Трудно сказать, почему советская власть не уничтожила этот памятник царскому адмиралу. Может быть потому, что сам он был простым солдатом и никогда не занимался политикой. Может быть потому, что его призыв совпадал с ее задачей — усилением красного флота, защищавшего не Россию, а СССР. А, может быть, просто потому, что в фигуре адмирала было столько силы и выразительности, что весь этот памятник как то возбуждал желание работать, напоминал о кораблях, о море, о той жизни моряка, про которую сказал этот герой-адмирал:

«В море — значит, дома»!..

Но, конечно, не эти мысли блуждали в голове Николая, когда он вместе со своим помощником осматривал памятник. «Как бы, чорт побери, туда забраться? думал он. Как бы осмотреть эту протянутую руку»?..

Это внимание удивило его спутника.

— Что это вы, товарищ Сумец, этак воззрились на адмирала? Бороду такую отпустить хотите, что ль? Для авторитета?

В это время смелая мысль пришла в голову

Николаю, и он усмехнулся.

— Нет, товарищ Лоренц… Я про иное думаю.

Видите ли, завтра тут на площади большой парад будет перед открытием Спартакиады. Так вот мне и пришло в голову нечто вроде сюрприза устроить — в руку адмиралу красный флаг вставить…

Простое добродушное лицо моряка озарилось усмешкой.

— А ведь и верно… Это вы здорово придумали, т. Сумец. Вот смеху будет — как на похоронах… Старый царский бородач с красным флагом… Ха, ха, ха… Надо это сгрохать и в самом деле.

План был выработан быстро. Инспектора спорта зашли в казарму, где помещались съехавшиеся со всех флотов спортсмены, выбрали там нескольких здоровых ребят, взяли крепкую табуретку, четыре бамбуковых шеста для прыжков, флаг и опять подошли к памятнику.

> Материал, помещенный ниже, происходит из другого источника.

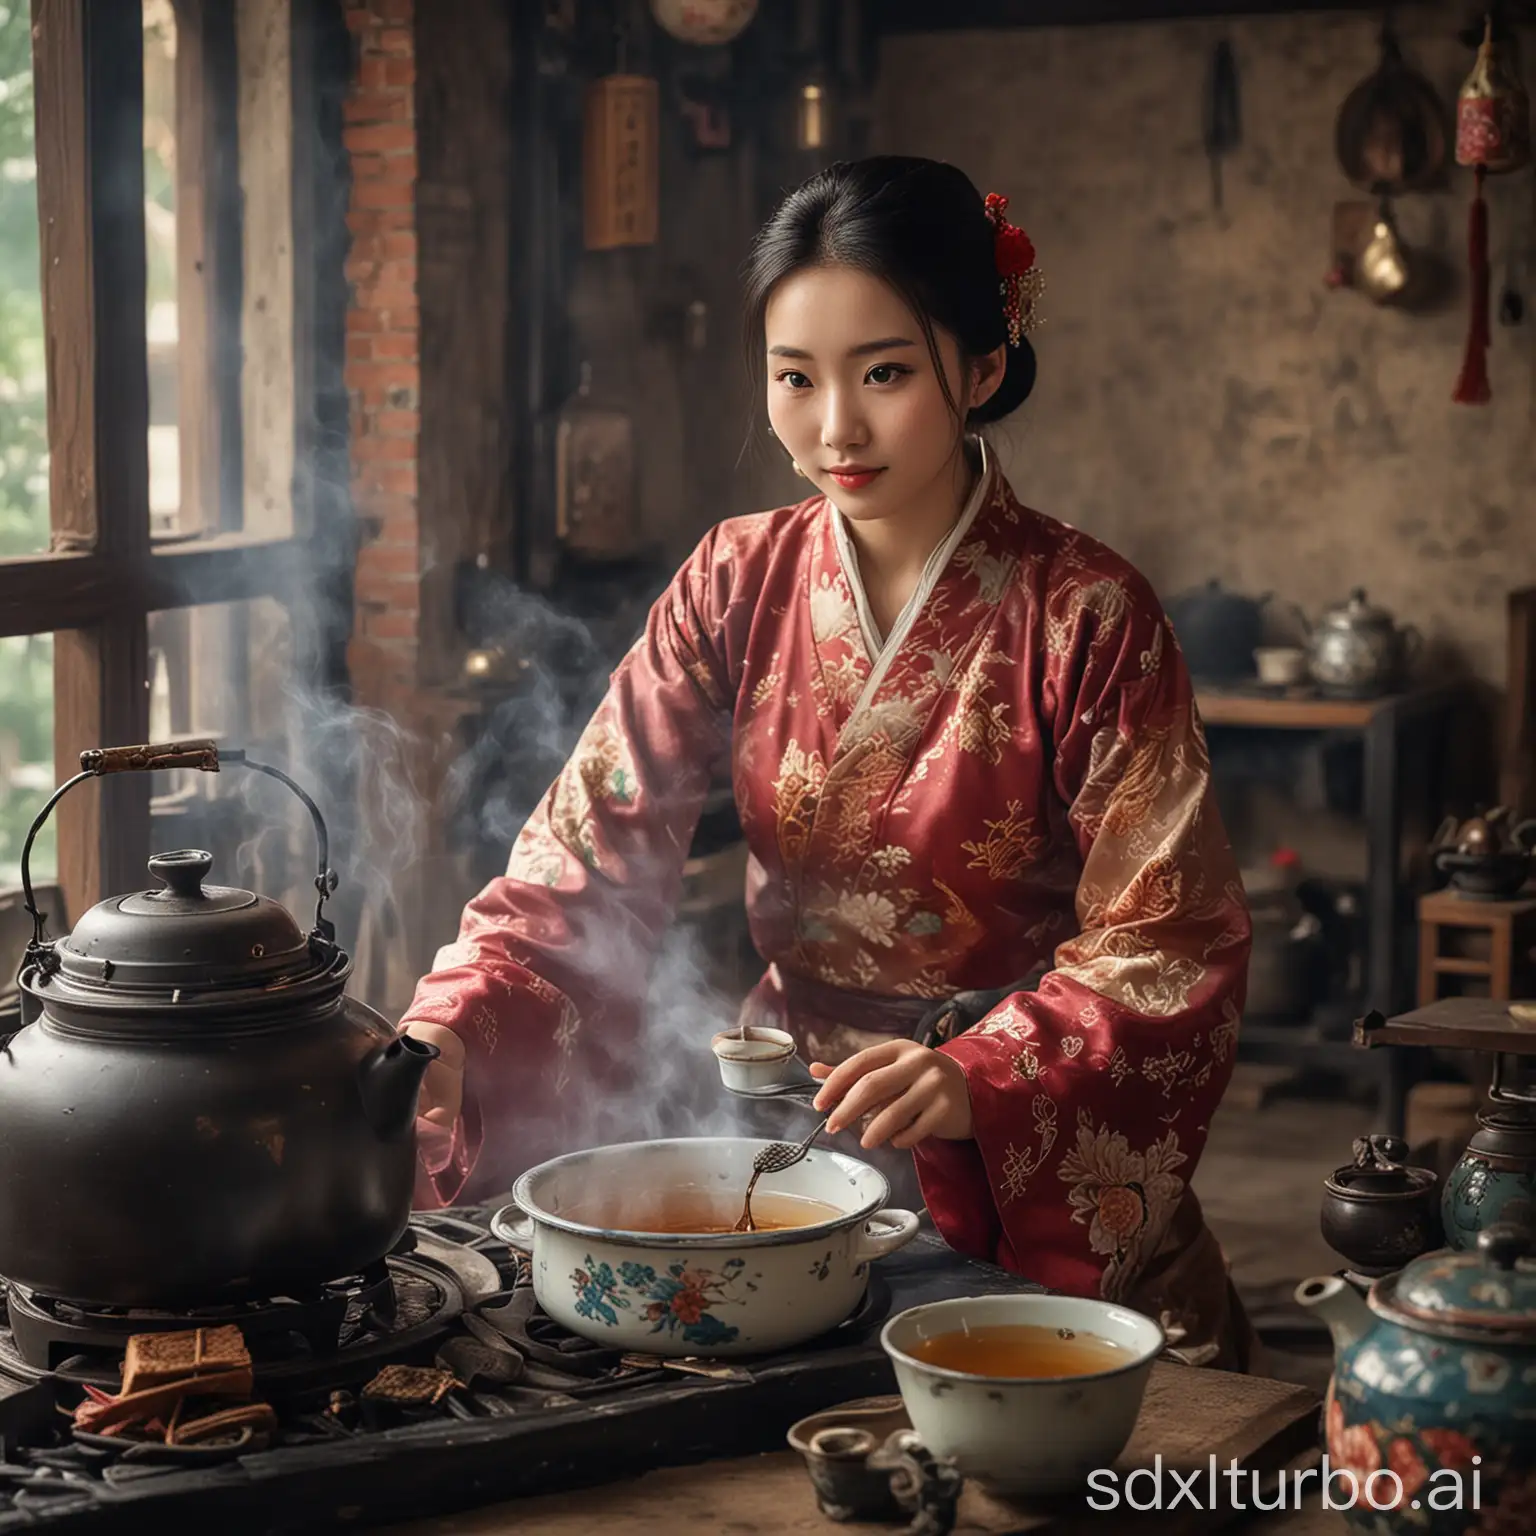 A Chinese beauty, in a very beautiful place, around the stove boiling tea, how comfortable

Никто из них не заметил, как какая то темная фигура, увидев эти приготовления, бросилась к ближайшему телефонному посту.

Моряки, как это везде в- мире, были народом энергичным, смелым и изобретательным. Длинные четырехметровые шесты были прикреплены к ножкам табуретки, и восемь пар дюжих рук мигом взнесли это сооружение на высоту пяти метров.

— Хватит теперя достать до адмирала? прищурившись, спросил Лоренц.

— В самый раз, ответил один из моряков. Только слышьте-ка, товарищ Сумец… Как бы этак другого человечка вверх взнести? Больно уж вы тяжеловатеньки — небось, с тарой под 100 кил подваливаете?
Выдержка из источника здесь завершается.